What is expected: The whole listing, except its pictures, is to be repeated exactly.

Collected material:
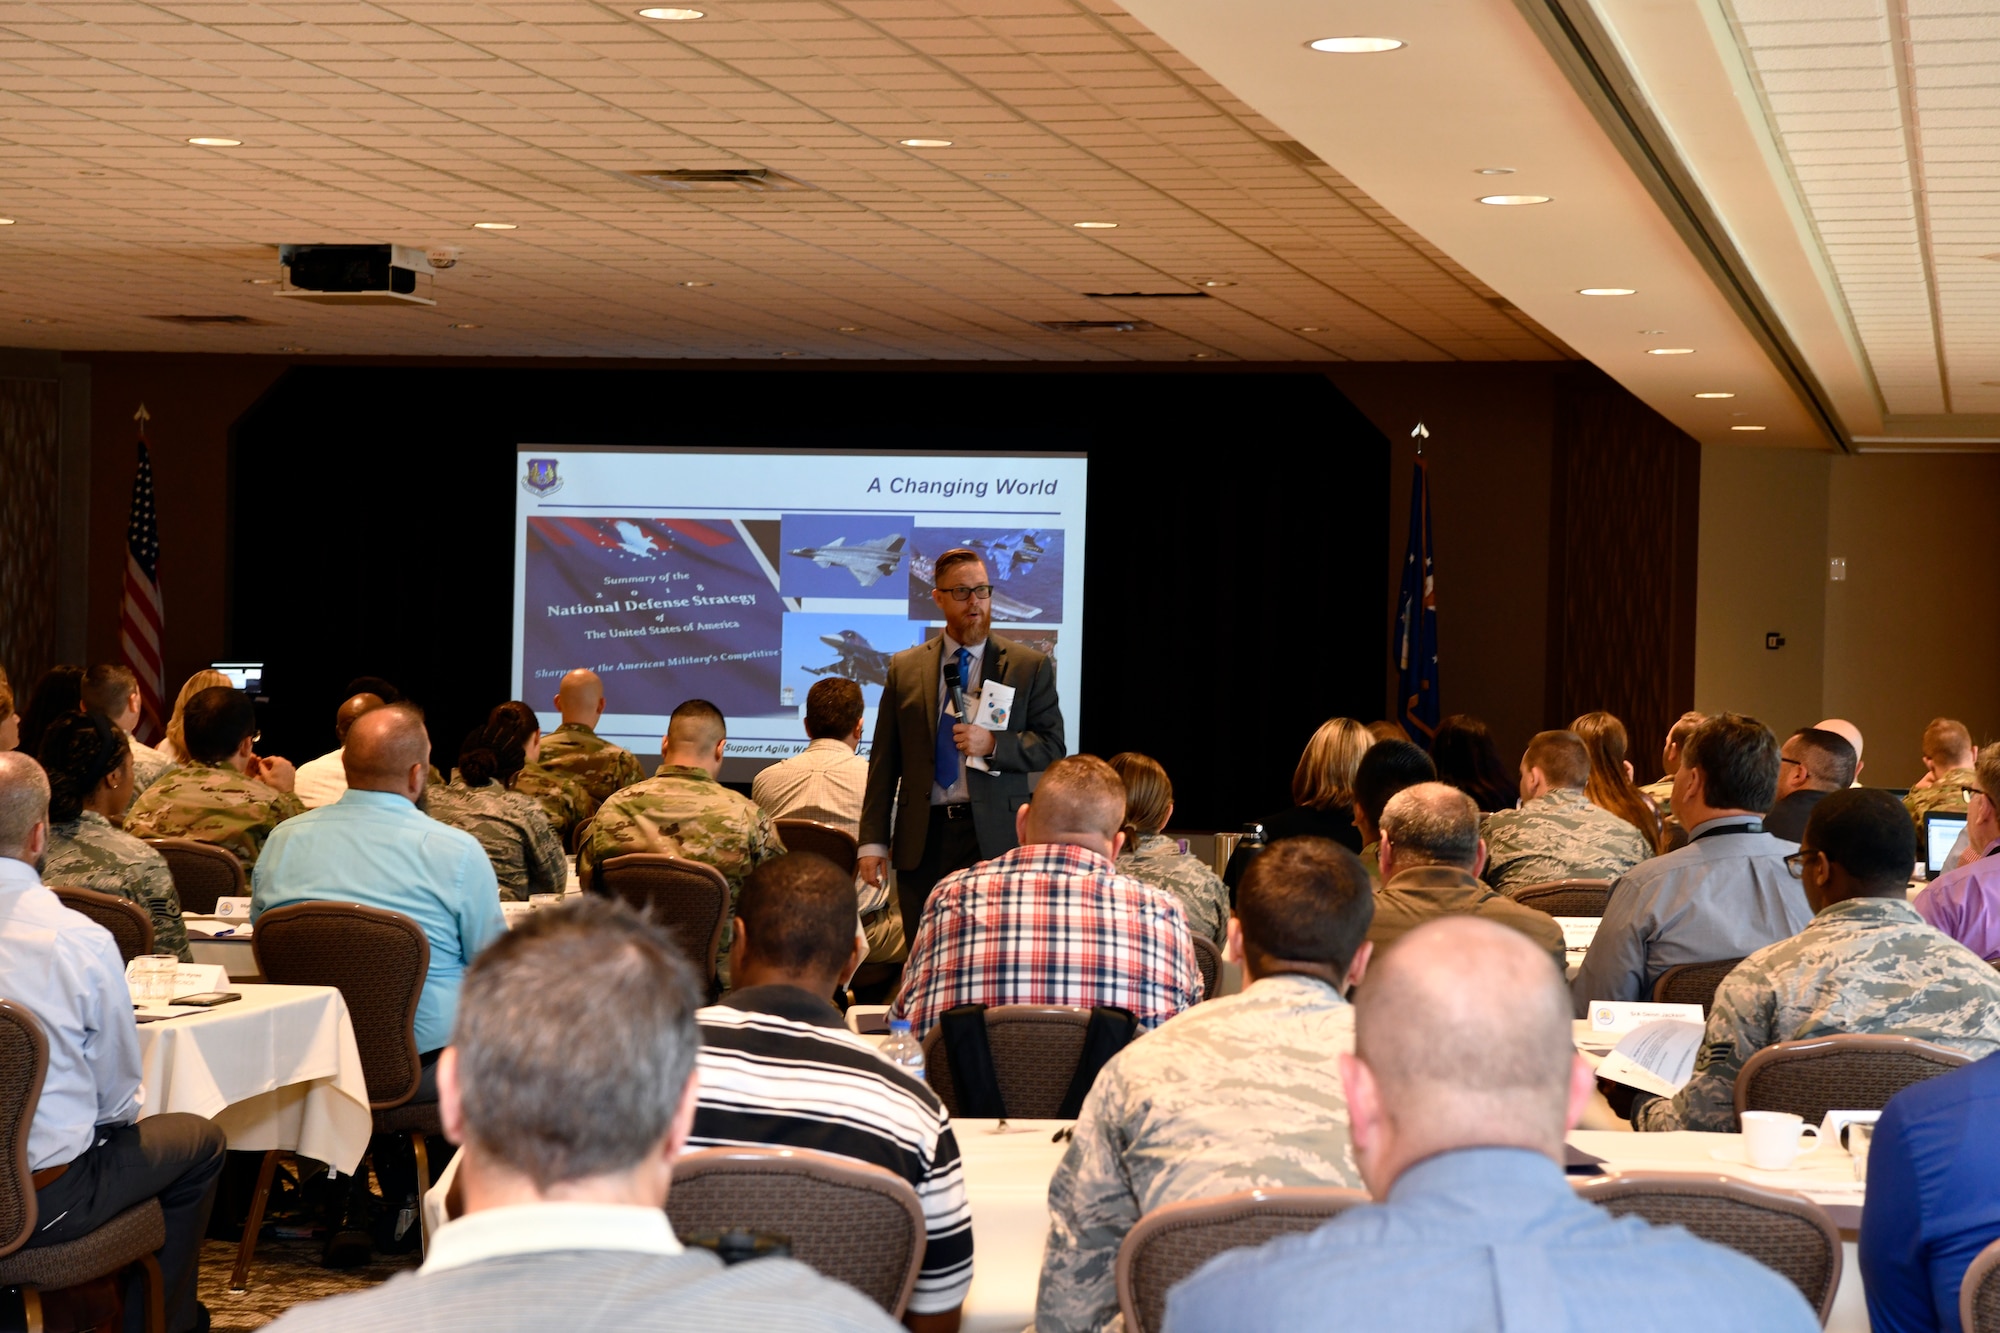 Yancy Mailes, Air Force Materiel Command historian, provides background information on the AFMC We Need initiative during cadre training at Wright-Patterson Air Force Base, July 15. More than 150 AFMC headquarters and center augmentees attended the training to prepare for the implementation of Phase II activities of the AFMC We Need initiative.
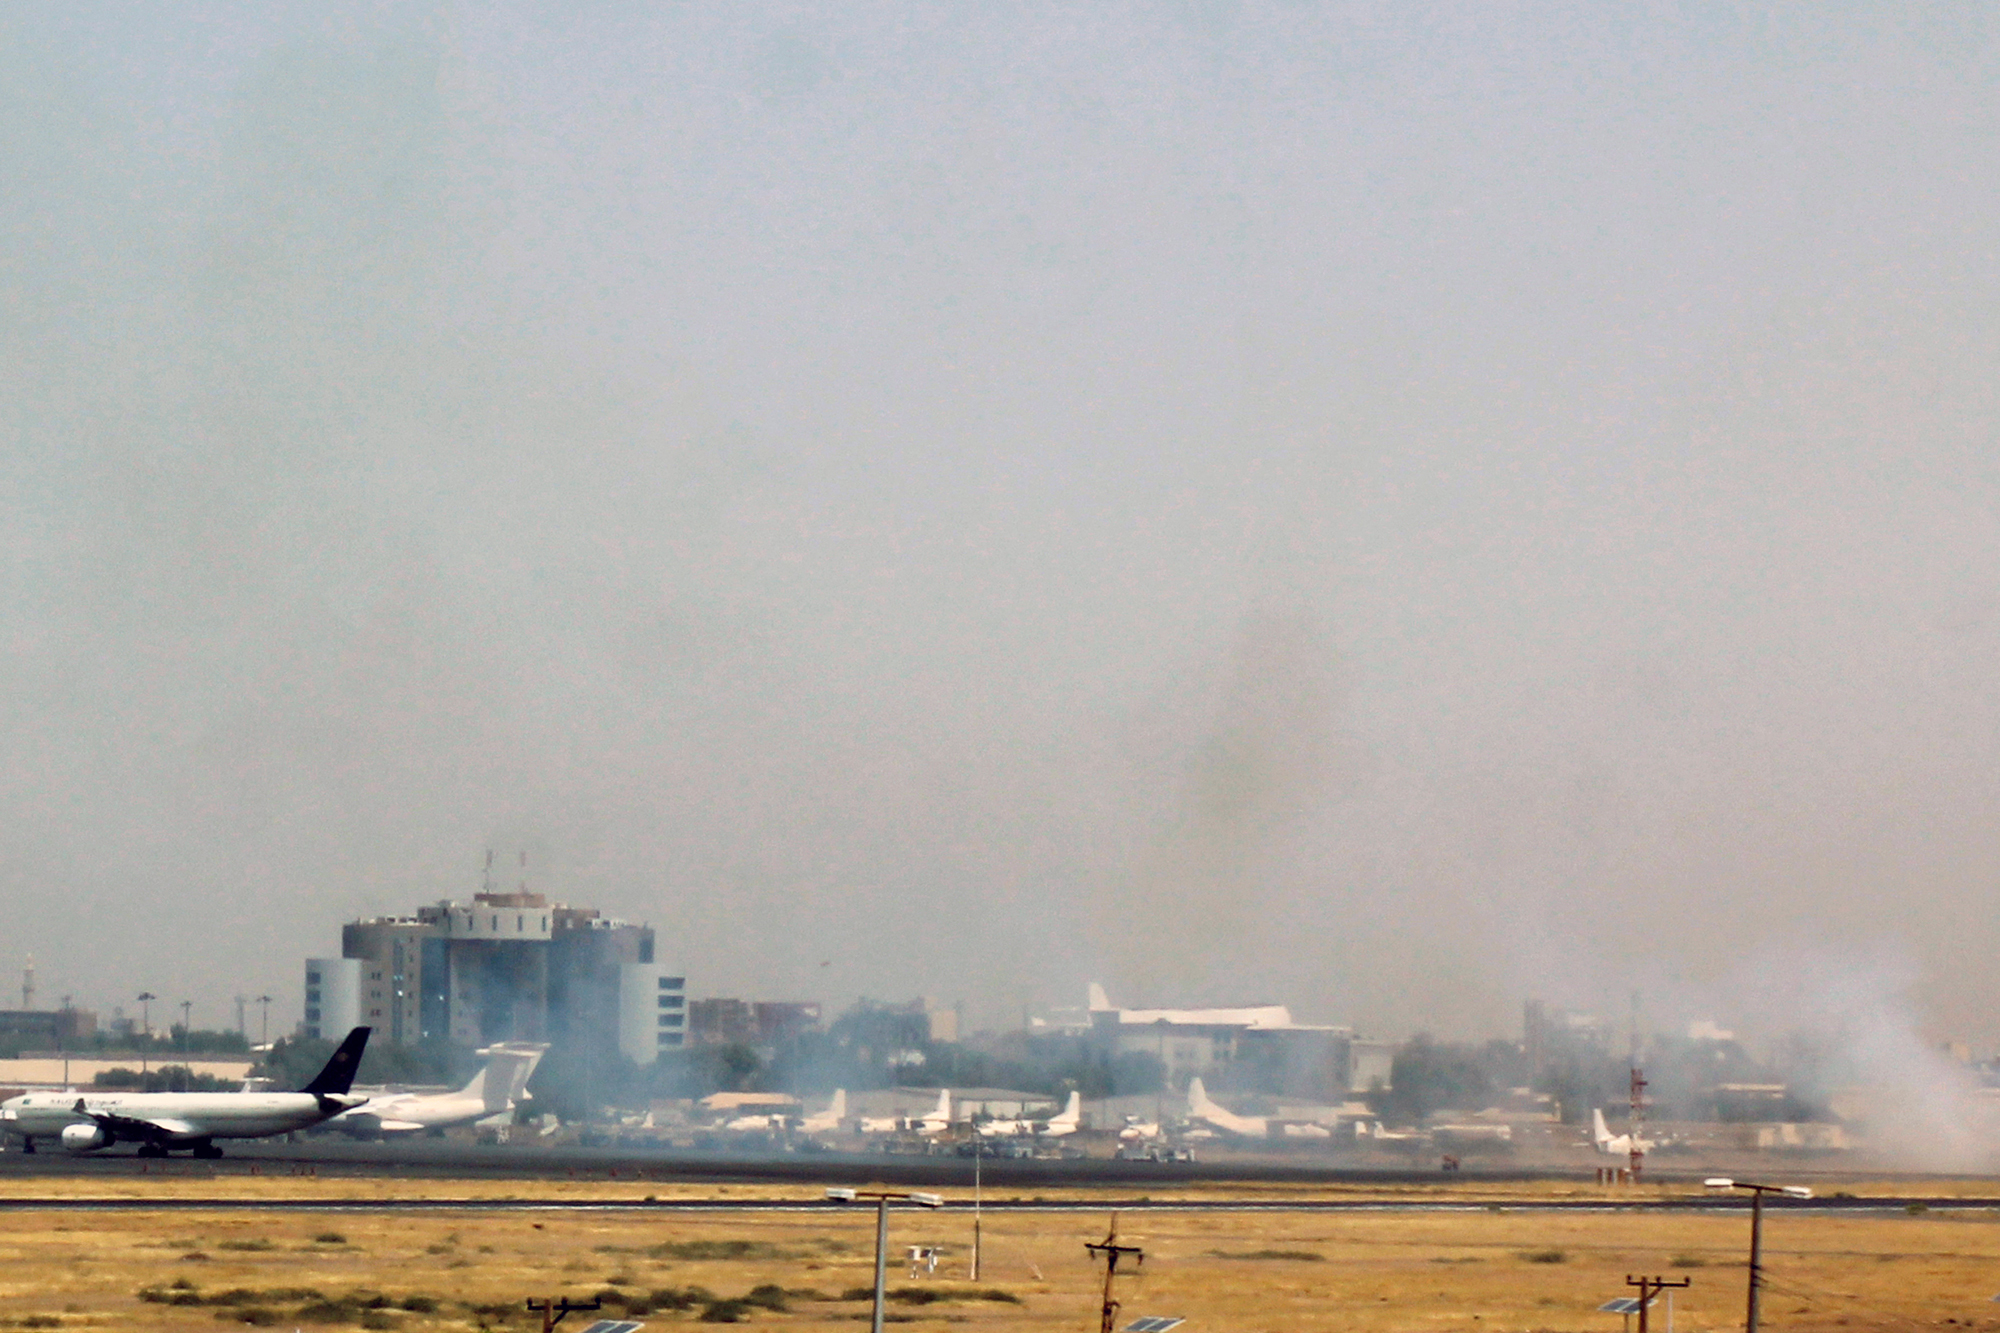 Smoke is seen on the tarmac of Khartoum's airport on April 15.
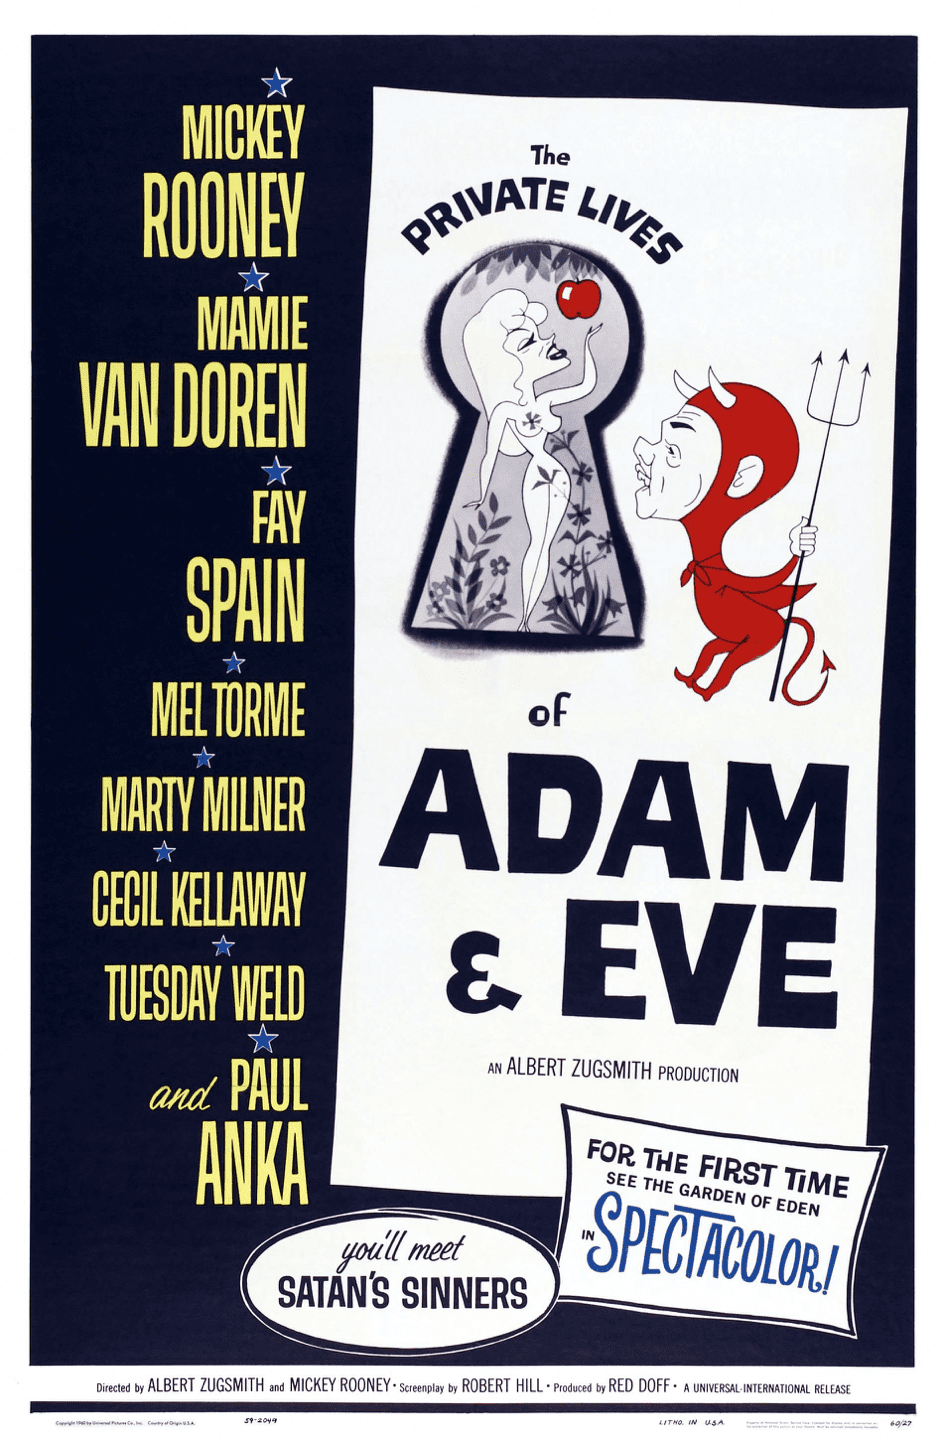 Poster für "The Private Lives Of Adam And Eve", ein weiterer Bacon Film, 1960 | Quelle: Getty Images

Problem solution:
 Yancy Mailes, Air Force Materiel Command historian, provides background information on the AFMC We Need initiative during cadre training at Wright-Patterson Air Force Base, July 15. More than 150 AFMC headquarters and center augmentees attended the training to prepare for the implementation of Phase II activities of the AFMC We Need initiative.
 Smoke is seen on the tarmac of Khartoum's airport on April 15.
 Poster für "The Private Lives Of Adam And Eve", ein weiterer Bacon Film, 1960 | Quelle: Getty Images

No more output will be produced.